A high concentration of PSNCBAM1 reverses JWH018 inhibition of neurotransmission. (A) Sample time showing inhibitory effect of JWH018 (40 nM) and partial reversal by PSNCBAM1. (B) Summary bar graph shows a partial reversal of JWH018 (40 nM) effect on EPSCs (circles) by PSNCBAM1 at 10 μM (triangles), but not 2 μM (squares). ns, not significant; *, p < 0.05, by one-way ANOVA with Dunnett’s post hoc vs. JWH018.

Figure 4

ABD1085 inhibits DSE and reverses JWH018 effects on neurotransmission in autaptic neurons. (A) Negative allosteric modulator ABD1085 has no effect on EPSCs at 1 μM. (B) ABD1085 (squares) partly blocks DSE (circles) at 1 μM. (C) Sample DSE time courses after treatment with increasing concentrations of ABD1085. (D) Sample time course shows a full reversal of JWH018 (40 nM) effect on EPSCs by ABD1085 (1 μM). (E) Summary graph shows EPSC inhibition by JWH018 (squares) and reversal by ABD1085 (1 μM, triangles). *, p < 0.05 by paired t-test. **, p < 0.01 by paired t-test.

Figure 5

RTICBM189 inhibits DSE and reverses JWH018 effects on neurotransmission in autaptic neurons. (A) Negative allosteric modulator RTICBM189 has no effect on EPSCs at 1 μM. (B) RTICBM189 does not block DSE (circles) at 100 nM (squares), but does at 1 μM (triangles). (C) Sample DSE time courses before and after treatment with RTICBM189. (D) Sample time course shows a full reversal of JWH018 (40 nM) effect on EPSCs by RTICBM189 (1 μM). (E) Summary graph shows EPSC inhibition by JWH018 (circles) and reversal by RTICBM189 (1 μM, squares). ns, not significant; **, 0 < 0.01 one-way ANOVA with Dunnett’s post hoc test (B), by paired t-test (D).

Figure 6

CB1 NAMs vs. JWH018 effects on nociception. (A) Dose response for JWH018 in tail flick assay. (B) Time course shows that pretreatment with RTICBM189 at 10 mg/kg blocks the effect of JWH018 (0.5 mg/kg). (C) ABD1085 is ineffective at 10 mg/kg. (D) Pretreatment with PSNCBAM1 blocks effect of JWH018 at 4 and 10 mg/kg. (E) PSNCBAM1 (10 mg/kg) is still effective when co-treated with JWH018 (0.5 mg/kg). (F) PSNCBAM1 (10 mg/kg) rapidly reverses the effect of JWH018 when applied 45 min after JWH018. *, p < 0.05, **, p < 0.01, ***, p < 0.005, two-way ANOVA with Bonferroni post hoc test.

Figure 7

PSNCBAM1 does not induce withdrawal in JWH018-treated mice.
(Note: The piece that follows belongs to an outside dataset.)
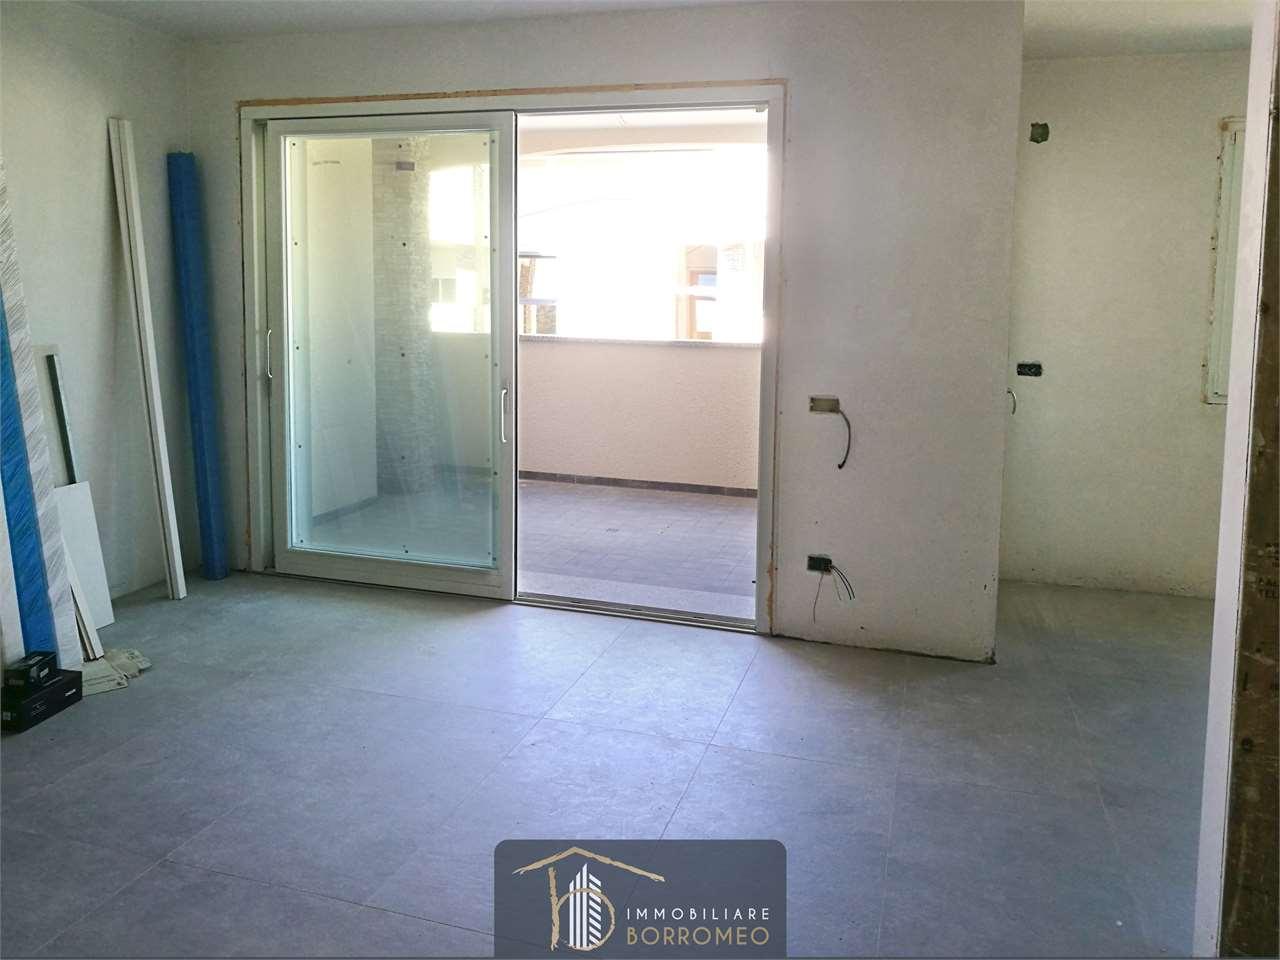 Vendita Trilocale Appartamento Cesano Maderno via Torretta 30 97014

Mice treated for 7 days with daily JWH018 injections (0.5 mg/kg) did not see withdrawal symptoms 45 min after treatment with PSNCBAM1 (10 mg/kg). A subset of mice subsequently treated with the competitive antagonist SR141716 showed an increase in withdrawal symptoms. ***, p < 0.005, one-way ANOVA with Dunnett’s post hoc test vs. JWH018.